Standing in the road near the parking lot, Dalina Yakushava, 48, had arrived after the explosion to see if she could confirm her place in a convoy.

“This is where people are invited to come and register by the authorities to join a convoy. You sign up online but I came to make sure my permission had been received,” she said. “I live in Mariupol. We just took our daughter to Poland but we have to go back because my parents are there. It’s terrible but it’s ours. There were many cars waiting to leave this morning as no one was able to enter the occupied areas for a week. »

On Friday, the traffic was in both directions. A short drive down the same road to Russian lines, hundreds of cars lined up near a Ukrainian checkpoint waiting for an escort, their occupants relieved to cross.

On Friday, Ukrainian citizens fled occupied parts of eastern Ukraine
On Friday, Ukrainian citizens fleeing the occupied eastern regions of the country. Photography: Atef Safadi/EPA

At the start of the queue, Nadya Nekustorova was playing with her 11-month-old daughter, Maria, as her husband, Dymytro, looked on.

“We come from Melitopol,” Nadya said. “We won’t go back until it’s back under Ukrainian control.
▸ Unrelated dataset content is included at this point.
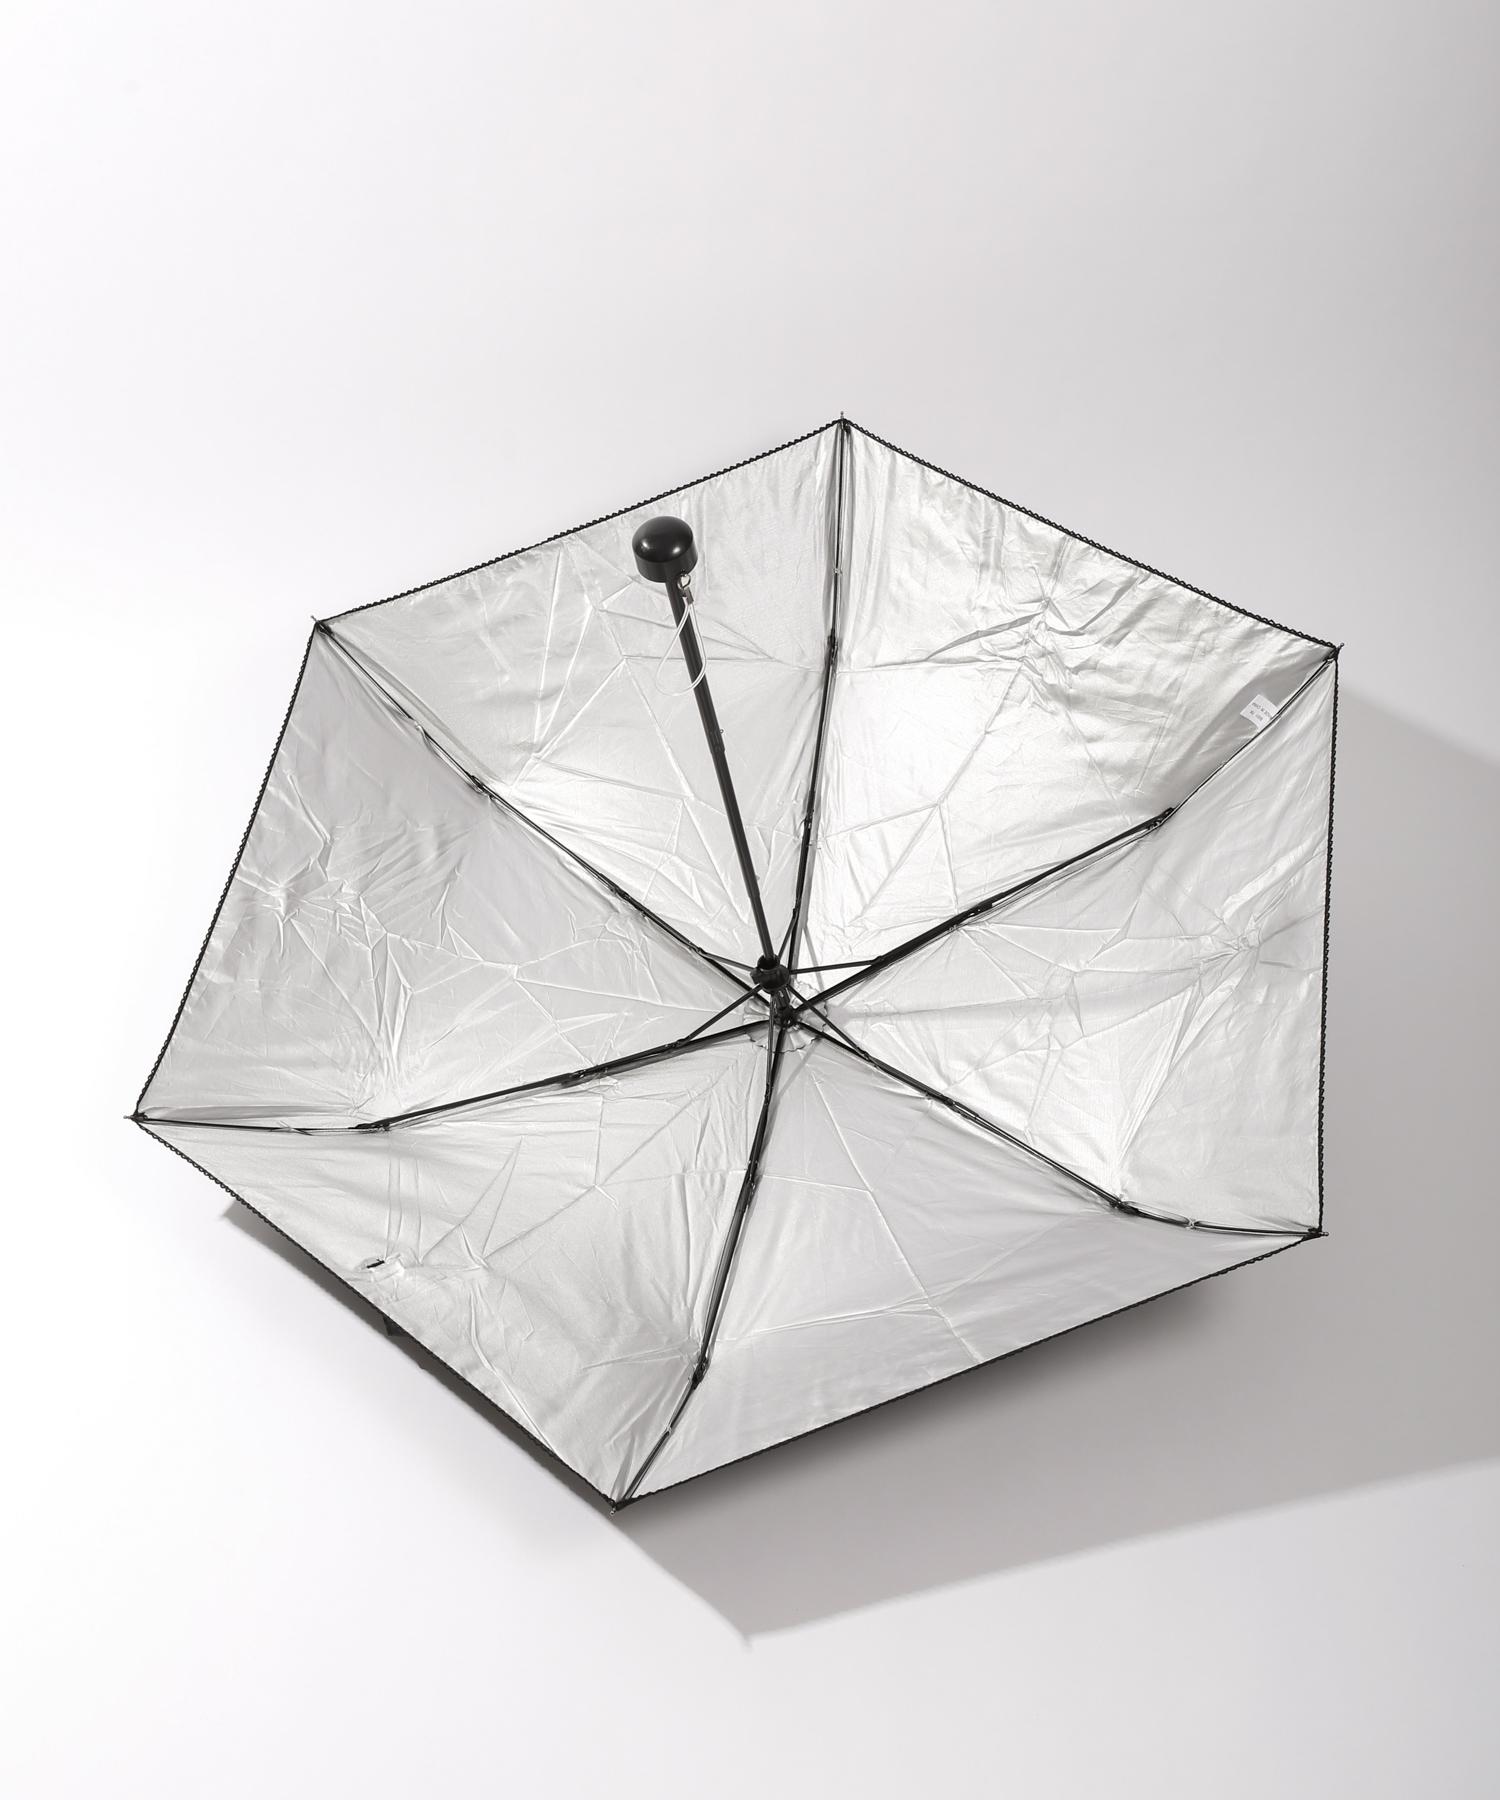 3COINS(スリーコインズ) 晴雨兼用折傘ピコ無地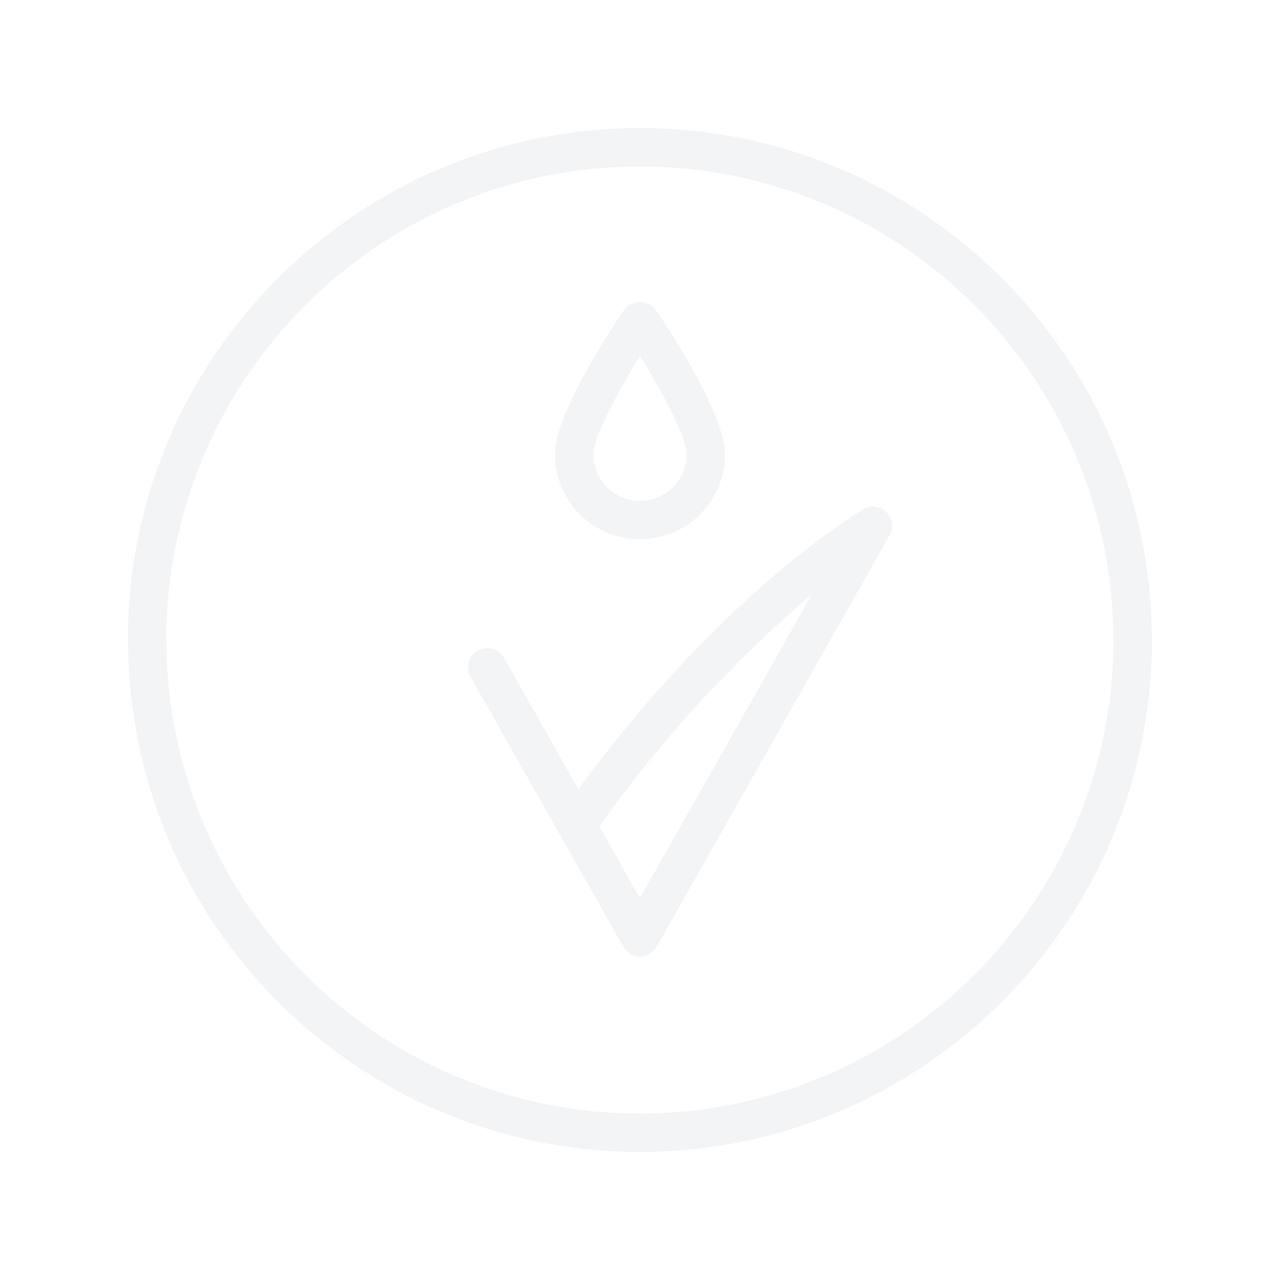 BVLGARI Aqva Pour Homme Atlantiqve Shampoo & Shower Gel 200ml

My parents are staying, which is worrying, but we wanted to leave because the Russians said they would close the crossing to men from October 1st. We realized this might be our last chance. The Russians came to ask us if we were voting [sham] referendum. We said no, so it looked like we had to leave.

“It was a joke,” Dymytro said. “They were all voting for themselves. The ballot was an A4 copy. There were no seals or numbers to identify that the vote was genuine. Everything was wrong. My brother has rented an apartment in Zaporizhzhia, so we will stay with him.

Ukraine: footage shows aftermath of deadly Russian strike on civilian convoy – video

Further down the line of cars, Alla Votovska, 68, and her son Viktor said they waited four days to arrive at the checkpoint from a village near the Zaporizhzhia nuclear power plant.

“Everyone is trying to leave,” Viktor said. “But they only let a few cars leave our village every day, so we had to keep coming back. Others are also trying to leave via Crimea for Poland and Europe. Half our village is gone.

Suddenly the cars started moving, heading towards Zaporizhzhia on a road that would lead them past the dead whose convoy had not been so lucky.